The Ukrainian war and its aftermath led Azerbaijan to push for a final resolution and a lasting peace agreement in the region. The conflict in Nagorno-Karabakh, which had remained unresolved for decades, became a focal point in Azerbaijan’s foreign policy objectives. With renewed determination, Azerbaijan sought to eliminate Russia’s last leverage in the region, taking active steps to remove its influence and assert its own authority.
Currently, Azerbaijan is deeply involved in efforts to enhance stability and security in the South Caucasus region. By pursuing diplomatic initiatives and engaging in negotiations, the country aims to find a comprehensive and sustainable solution to the Nagorno-Karabakh conflict, thereby further diminishing Russia’s influence in the region (EU Parliament Think Tank, 2023).
While Azerbaijan’s strategic hedging has enabled it to balance between national interests and geopolitical realities, long-term considerations will require careful reassessment. As the geopolitical landscape continues to evolve, Azerbaijan must remain vigilant in ensuring its autonomy and safeguarding its core national interests. The country’s assertive stance towards Russia in recent times reflects its commitment to strengthening its position in the region and asserting its sovereignty.
Azerbaijan’s strategic hedging approach in navigating its relations with Russia has proven to be a nuanced and adaptive strategy in the complex geopolitical landscape of the South Caucasus region.
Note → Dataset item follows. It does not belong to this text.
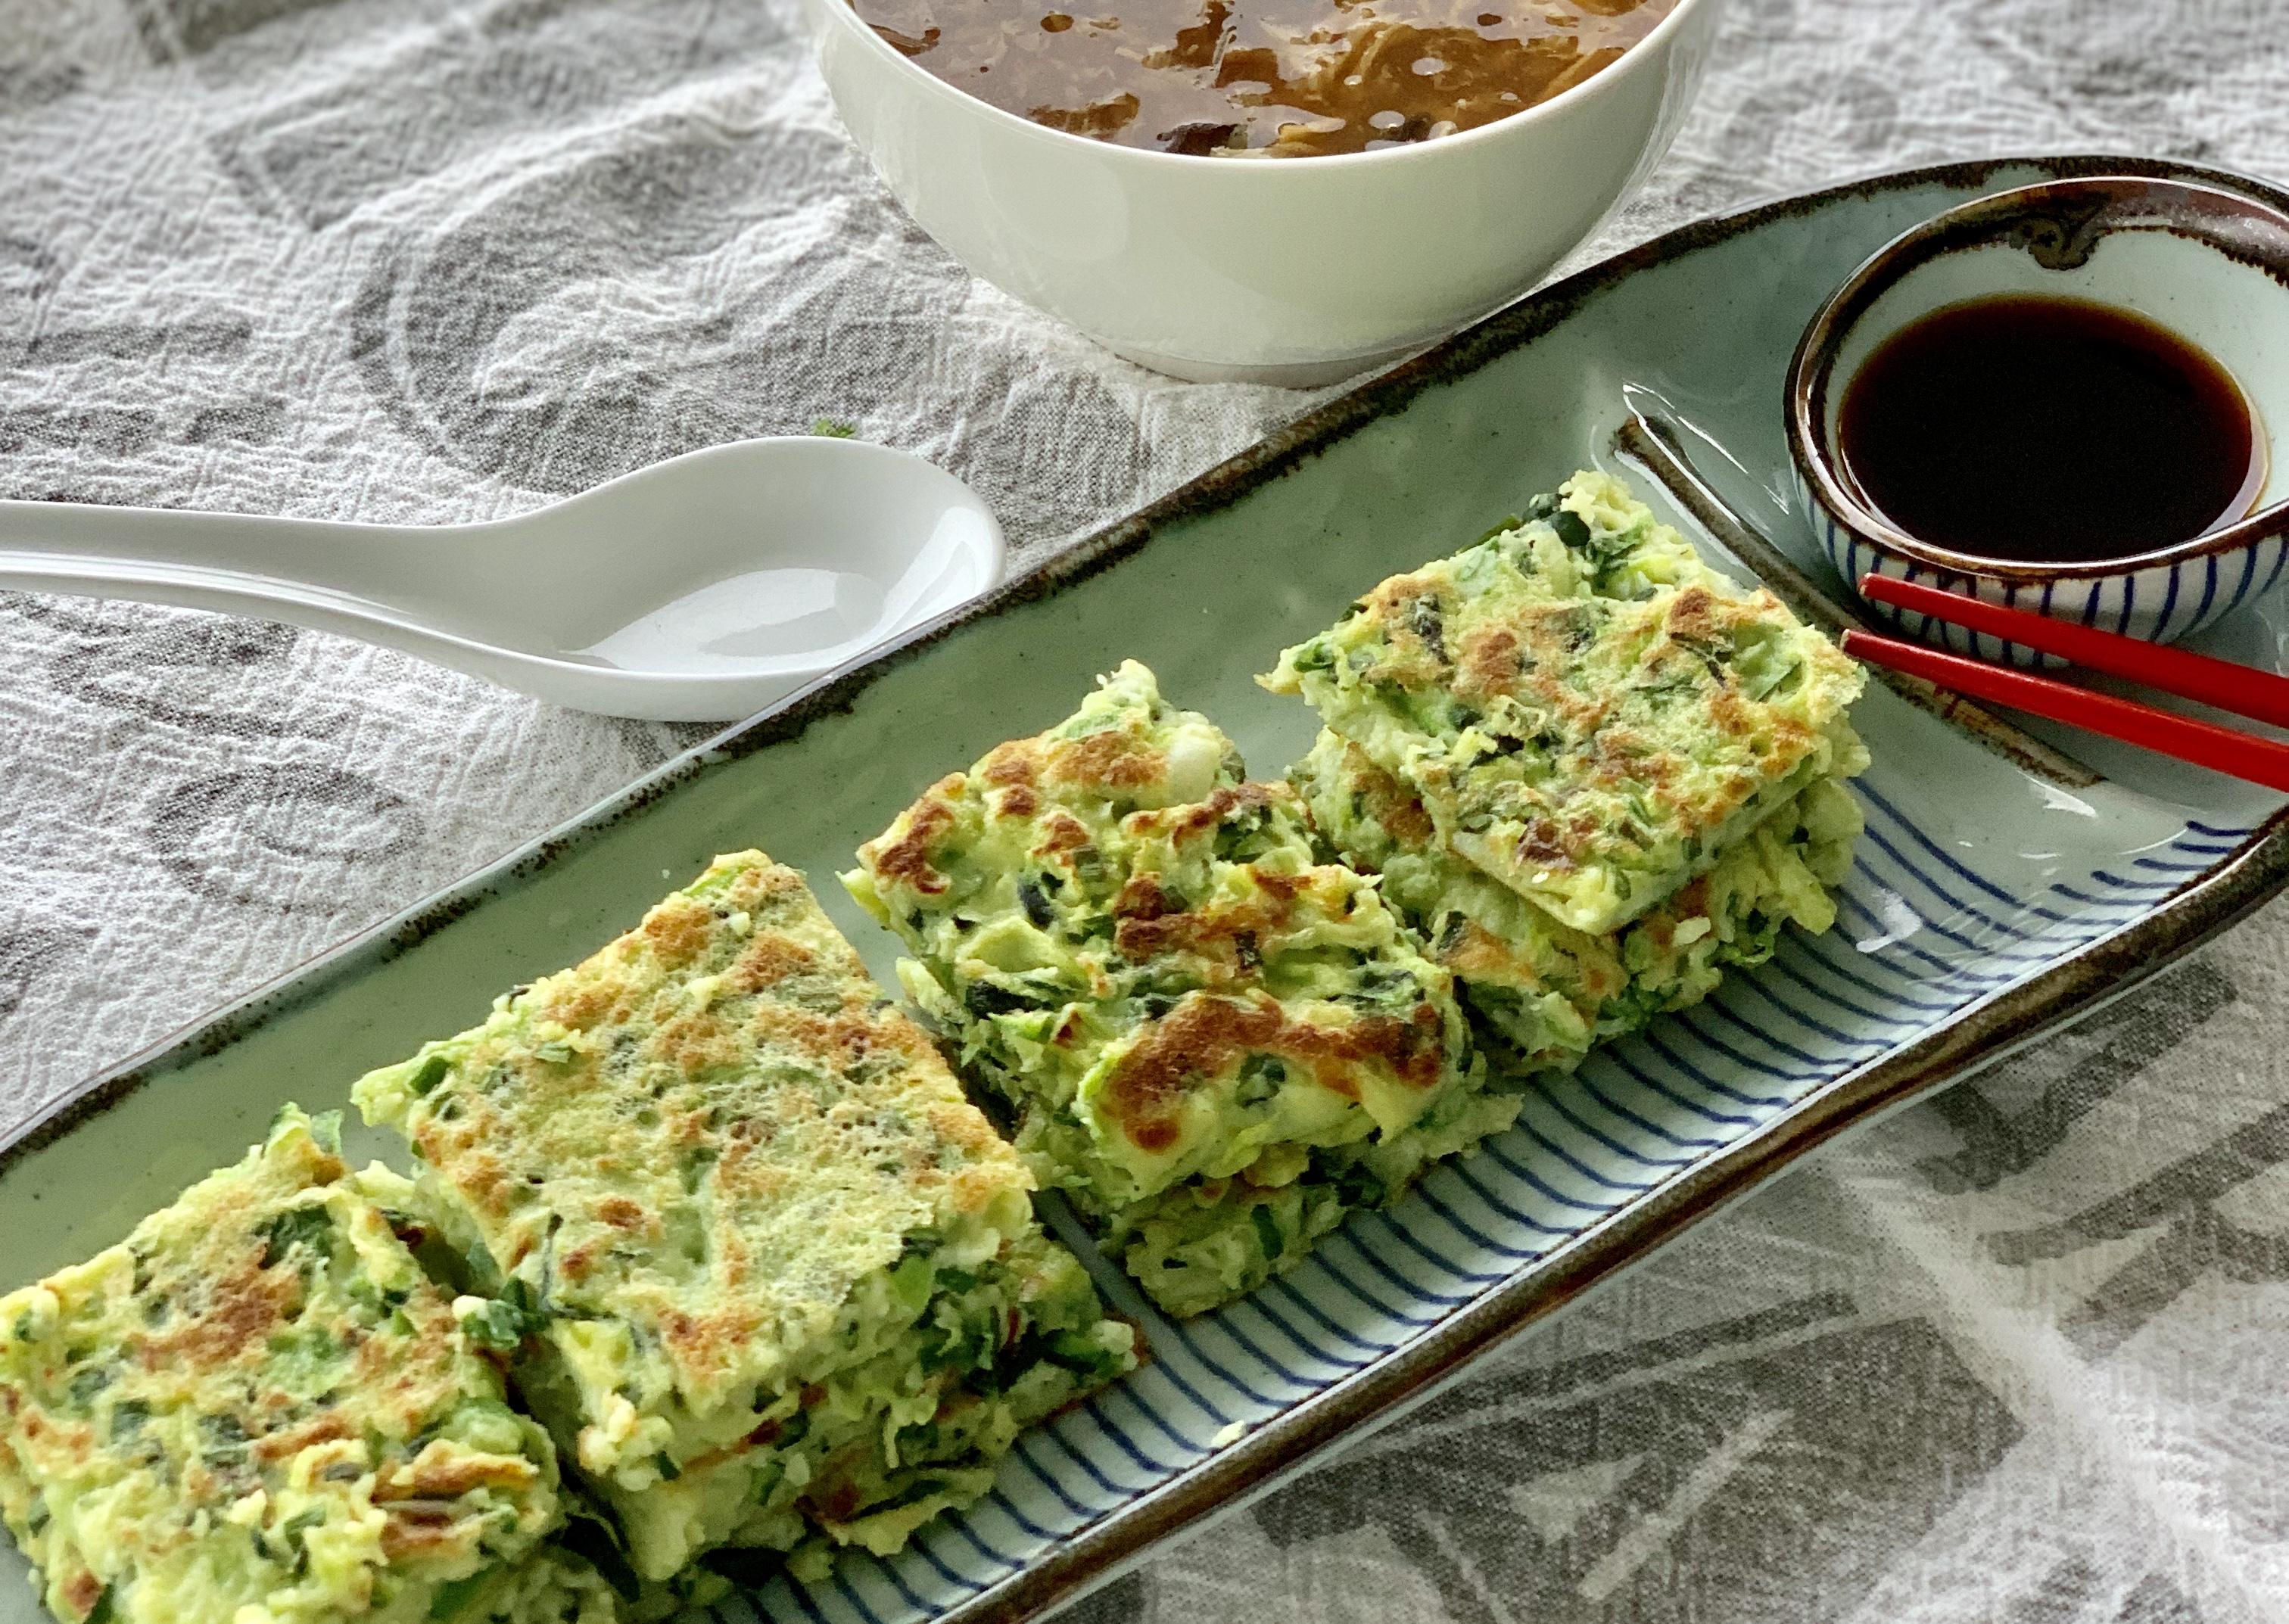 Chinese Zucchini Pancakes糊塌子hú tā zǐ

Over the years, the country has skillfully balanced its national interests, historical experiences, and the role of energy resources to maintain autonomy while engaging with powerful neighbors and global actors.
The country’s past experiences under different leaders, from seeking security guarantees through bandwagoning to pursuing anti-Russian policies, have taught Azerbaijan the importance of a pragmatic and flexible approach. The strategic hedging model, akin to Finlandization, allows Azerbaijan to carefully maneuver amid the region’s power dynamics, avoiding over-reliance on any single power bloc.
Central to this approach is Azerbaijan’s focus on preserving its core national interests, particularly the return of occupied territories, which shapes its foreign policy orientation. The country’s commitment to safeguarding its sovereignty and territorial integrity has been a guiding principle in its dealings with Russia and other regional players.
In conclusion, Azerbaijan’s strategic hedging approach offers valuable insights into the delicate art of balancing interests and preserving national autonomy. Its careful maneuvering in the complex geopolitical landscape of the South Caucasus region showcases a model that prioritizes national interests while engaging constructively with powerful neighbors and the international community. As the region’s dynamics continue to evolve, Azerbaijan’s strategic hedging will undoubtedly remain a cornerstone of its foreign policy, allowing it to navigate the complexities of its relations with Russia and other key players in the ever-changing geopolitical arena.